__TASK DIRECTIONS__
The listing below should be written out word for word, with its pictures removed.

__SUPPLIED DATA__
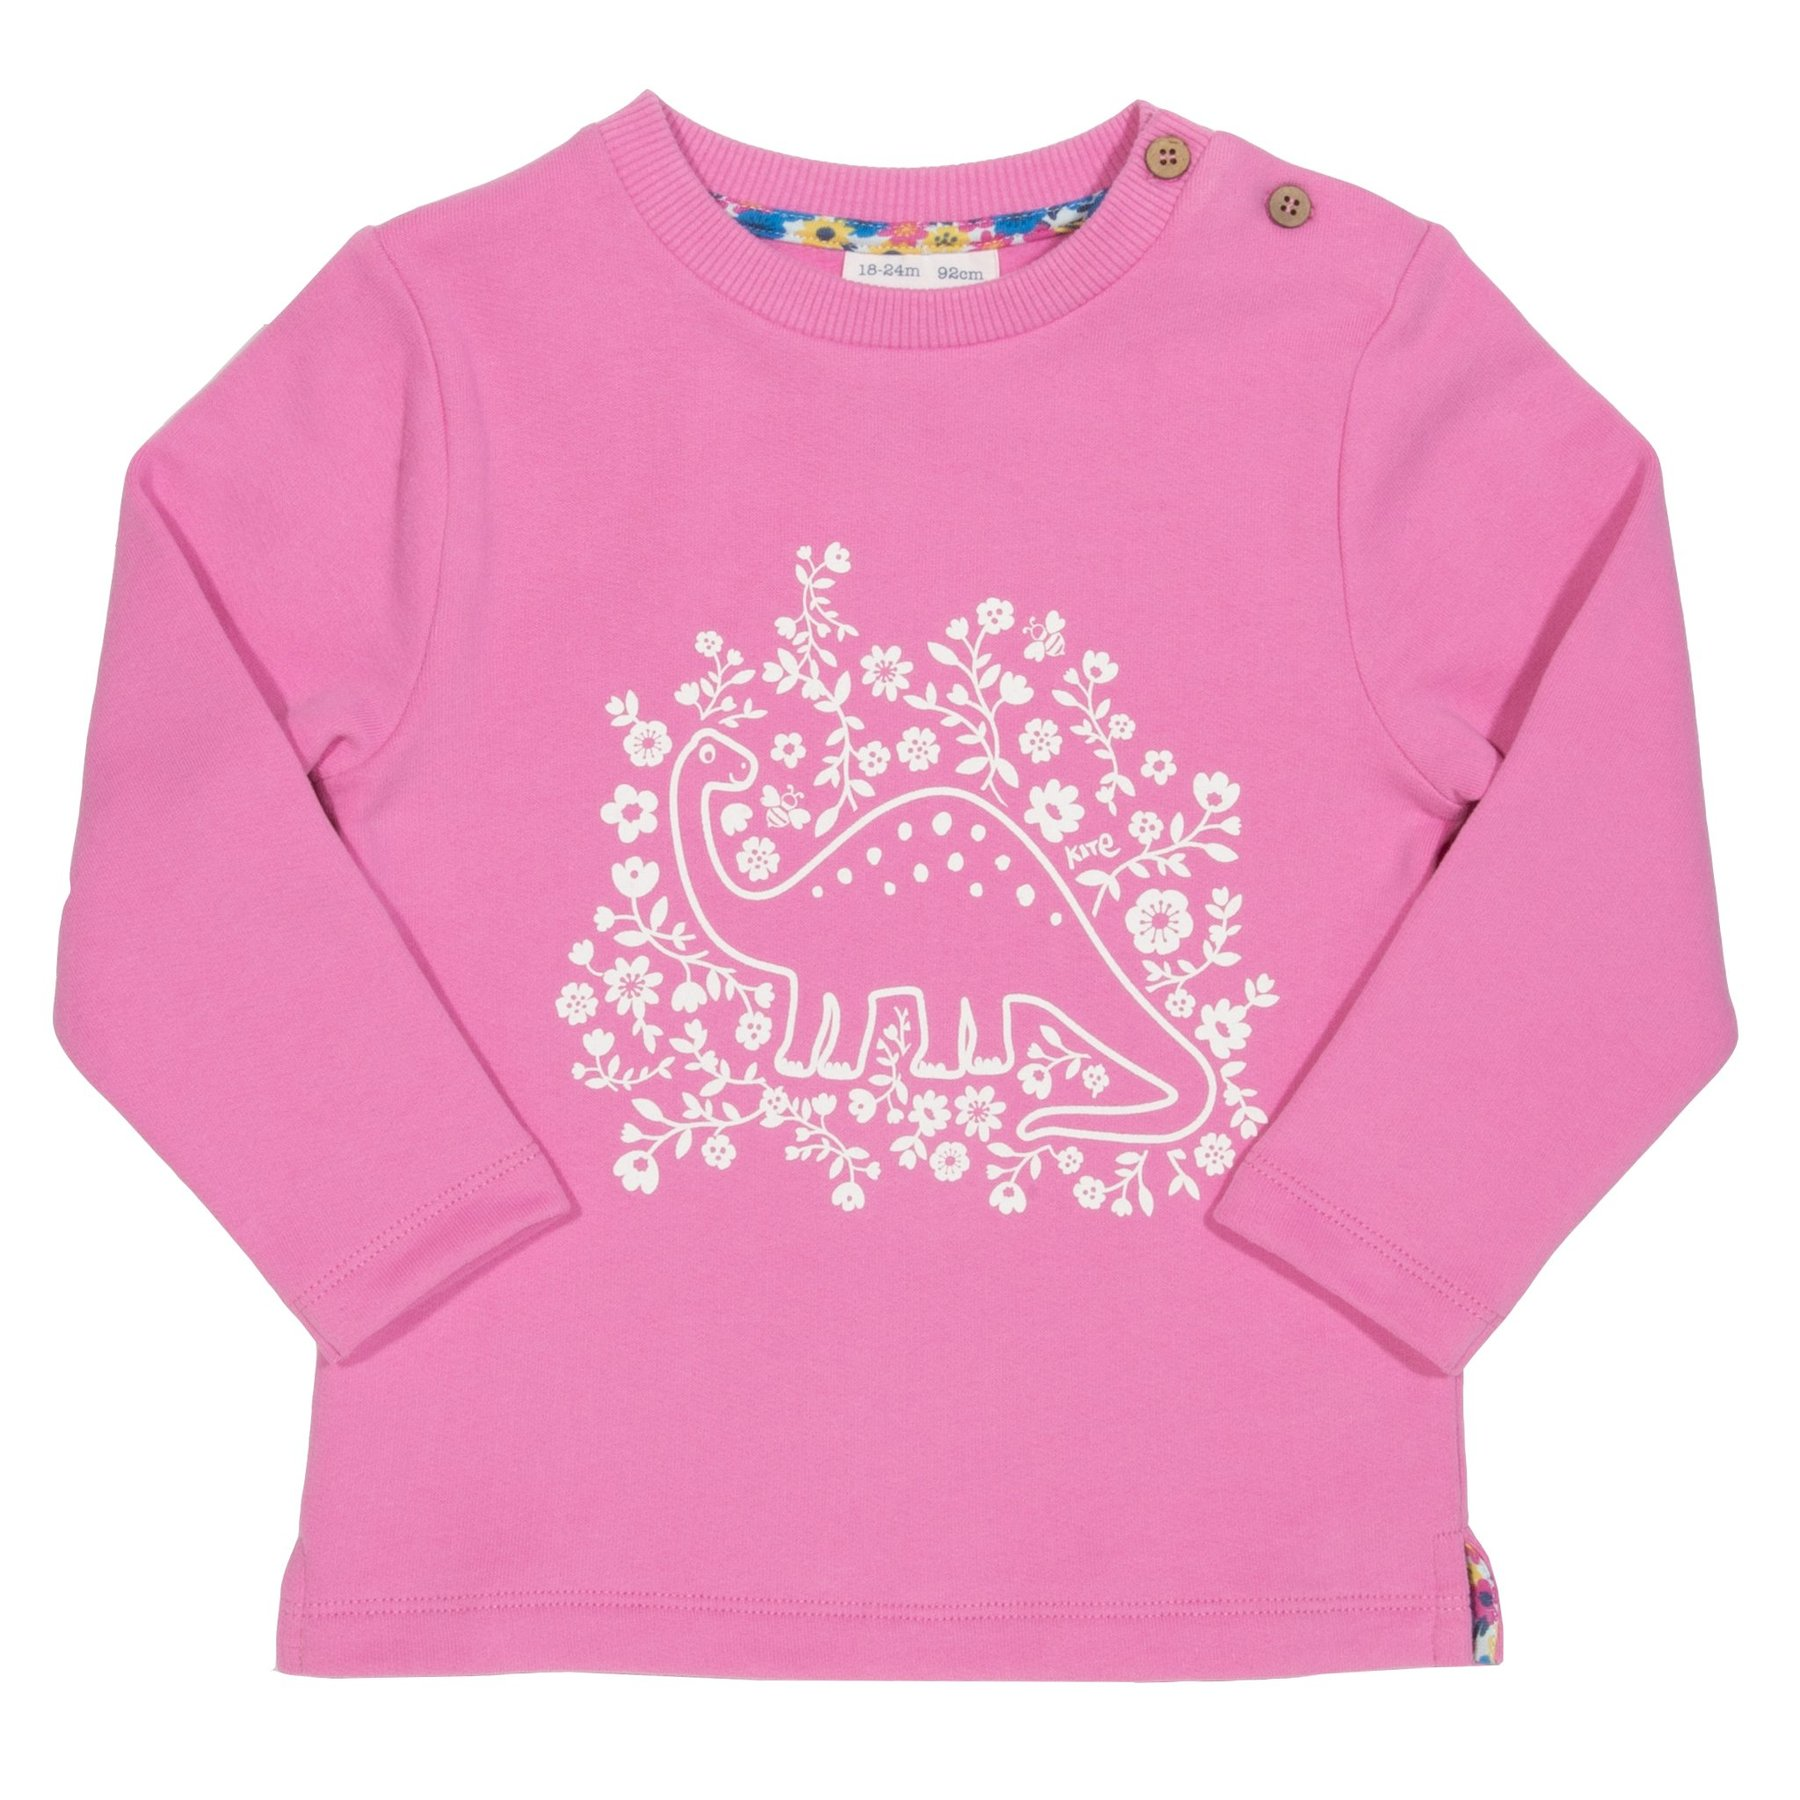 Kite Flora-Saurus Sweatshirt
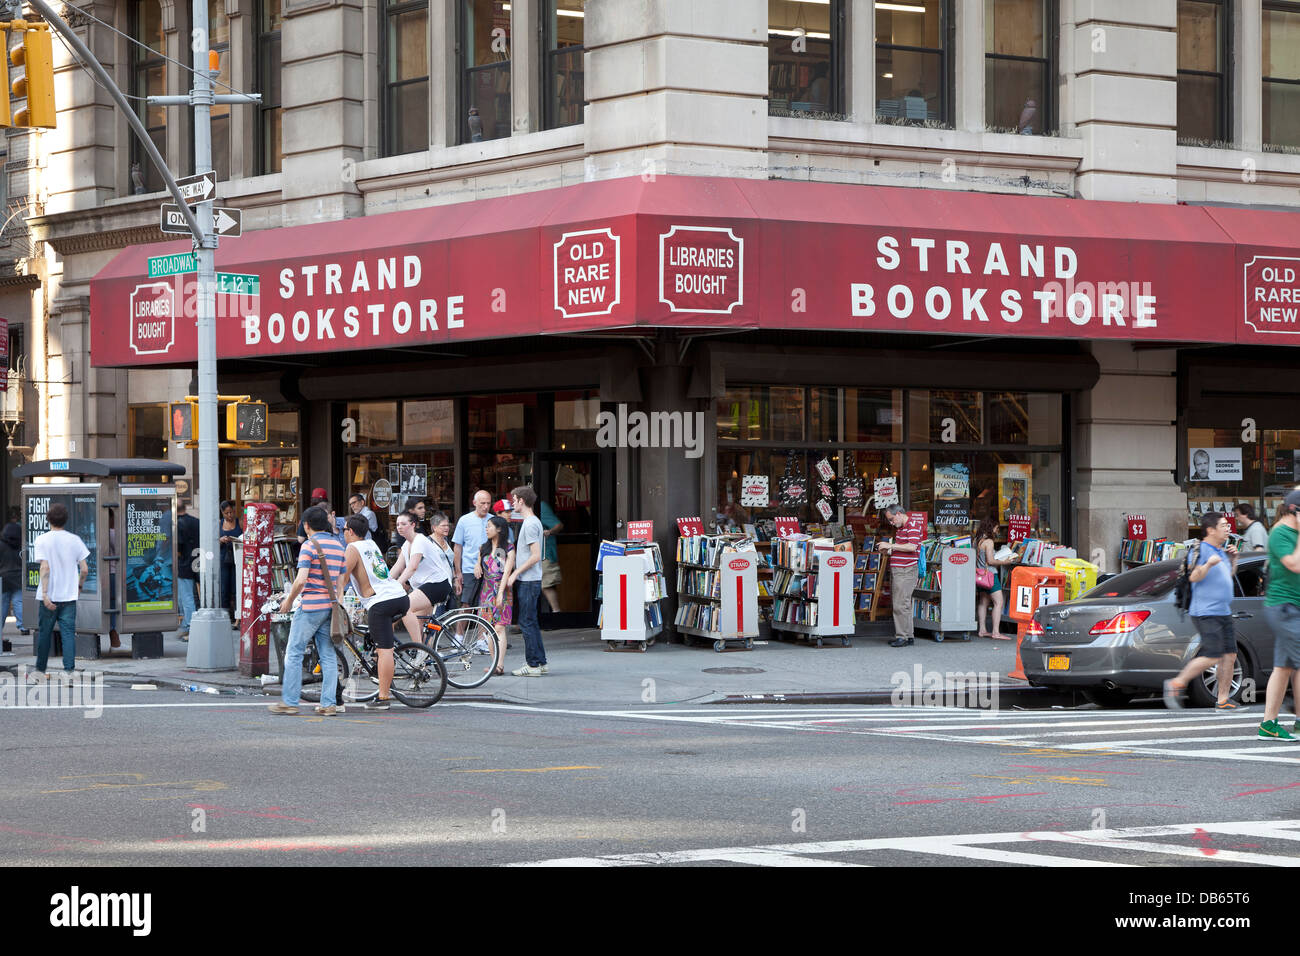 Strand Bookstore on Broadway, New York City - Stock Image
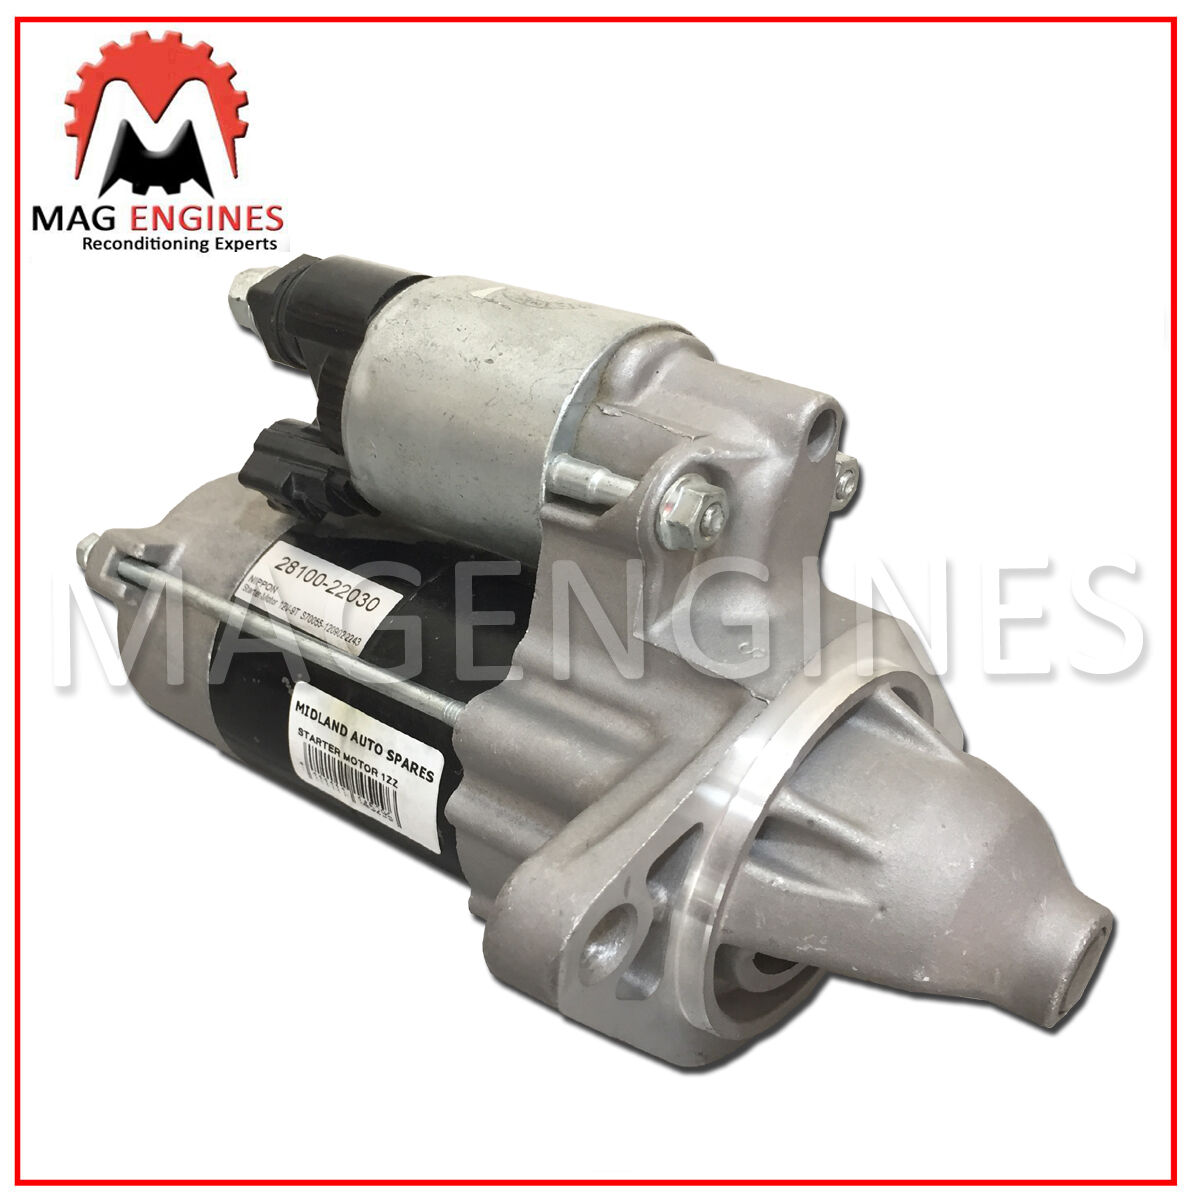 Fred Starter Motor Fits For Corolla Series 28100-22030 ZZE.1ZZ,3ZZ,42800-0680

__SOLUTION TO THIS EXERCISE__
 Kite Flora-Saurus Sweatshirt
 Strand Bookstore on Broadway, New York City - Stock Image
 Fred Starter Motor Fits For Corolla Series 28100-22030 ZZE.1ZZ,3ZZ,42800-0680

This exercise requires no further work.